The GNU C library implementation provides a function malloc_usable_size() that's similar to what you're suggesting. It returns the number of usable bytes for a malloc()ed pointer -- which may be greater than the requested size for various reasons.

It's not 100% clear why no such function is in the standard. It's not mentioned in the 1989 ANSI C Rationale or in the ISO C99 Rationale.

One thing to keep in mind is that an implementation doesn't need to keep track of the number of bytes requested by a malloc() call. It will often round up the request to some larger value, and it only needs to keep track of that.
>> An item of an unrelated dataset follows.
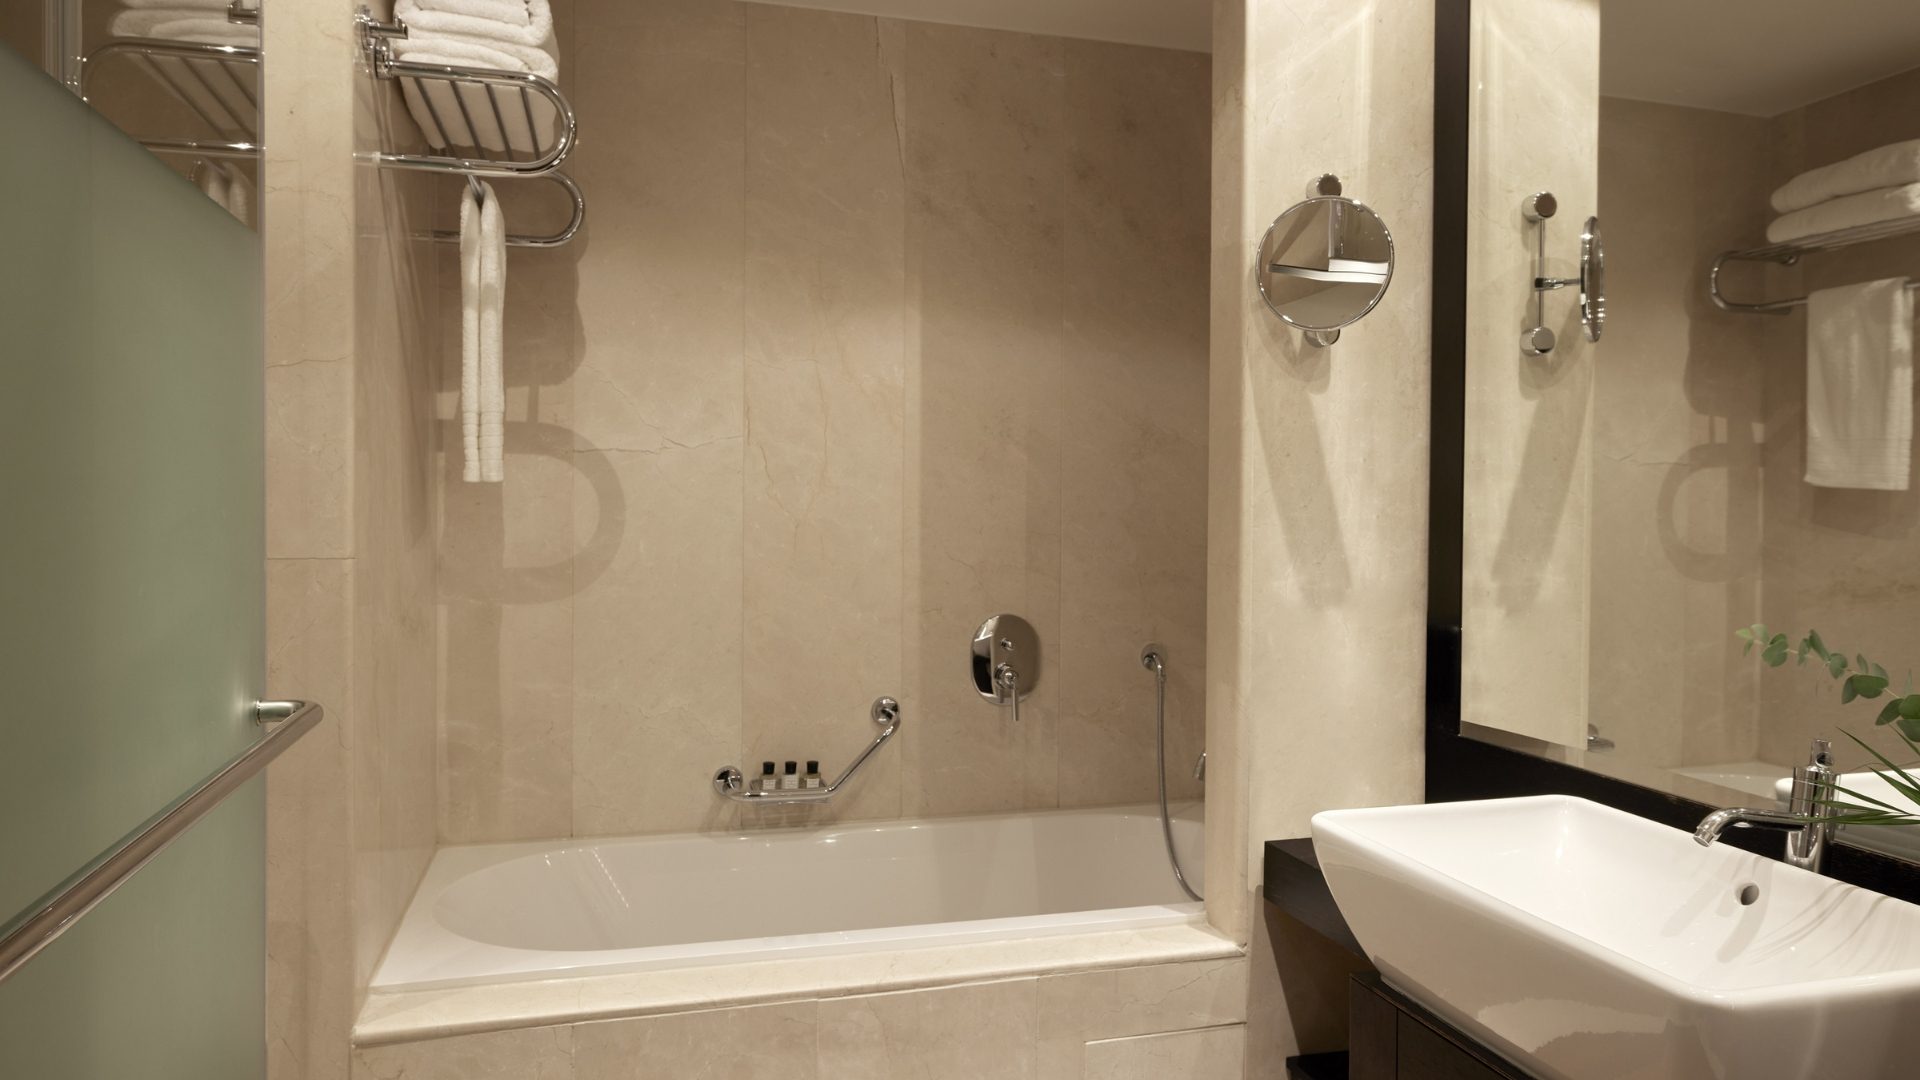 A bathroom with a bathtub at Daios Luxury Living
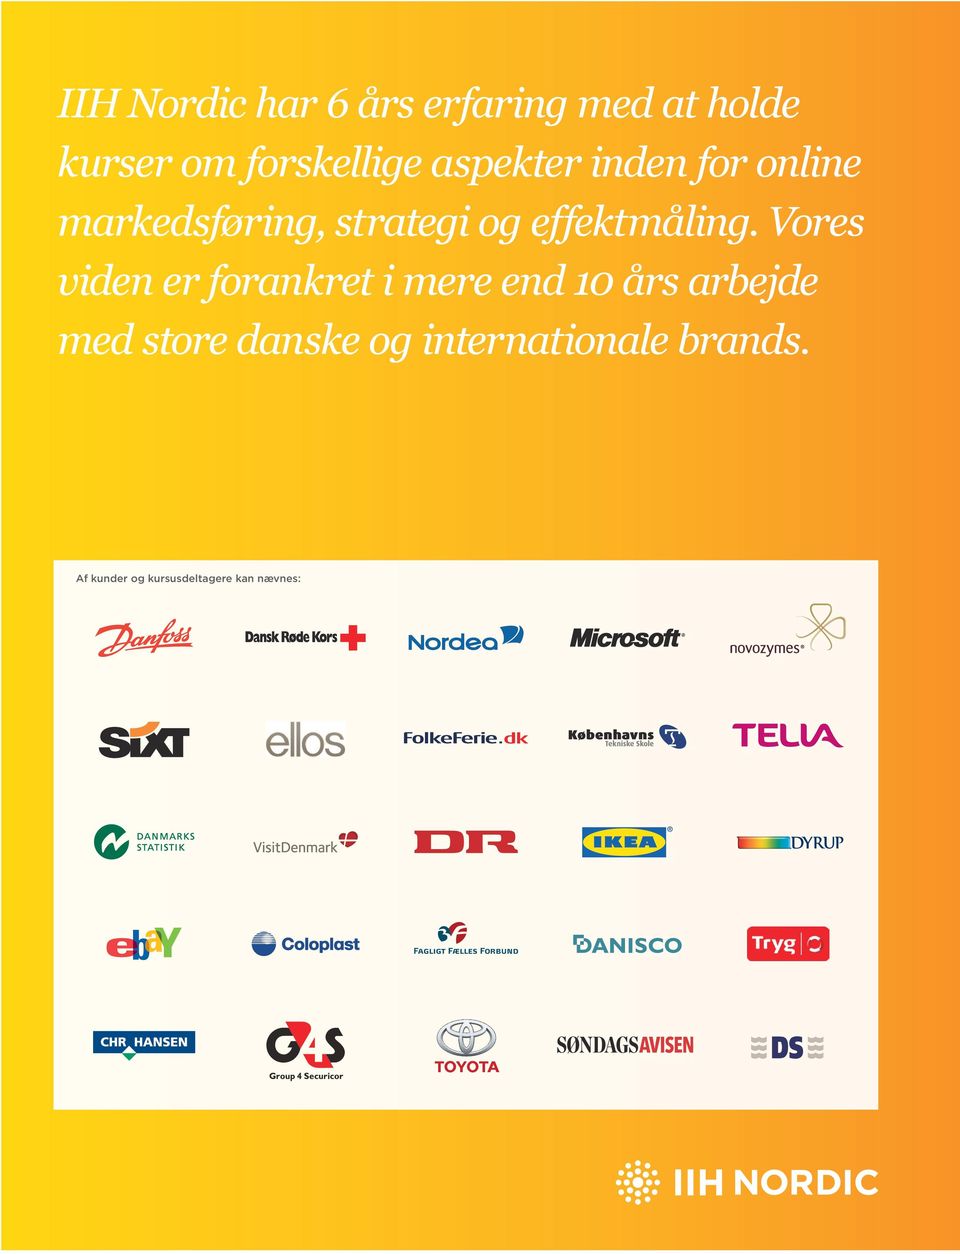 Vores viden er forankret i mere end 10 års arbejde med store danske og internationale brands.

For that matter, free() doesn't necessarily need to know the size of the block being deallocated. It might just call some lower-level function that doesn't provide that information. Or, for example, allocated blocks might b organized into linked lists, one list for each allocated size; free() might simply release a block from that list without having to know the size.

Finally, C programmers have gotten along without such a function for decades. Adding a requirement to provide it would impose some (probably fairly small) overhead on all implementations. I think the attitude is that you can simply remember how much memory you asked for, and use that information as needed.

If you allocate a single object:

some_type *ptr = malloc(sizeof *ptr);

then sizeof *ptr gives you the size of the object. If you allocate an array:

some_type *ptr = malloc(count * sizeof *ptr);

then sizeof *ptr only gives you the size of a single element of the allocated array -- but if you remember the value of count you can compute the total requested size easily enough.

Bottom line: The C standard could have required such a function, but it's not really necessary.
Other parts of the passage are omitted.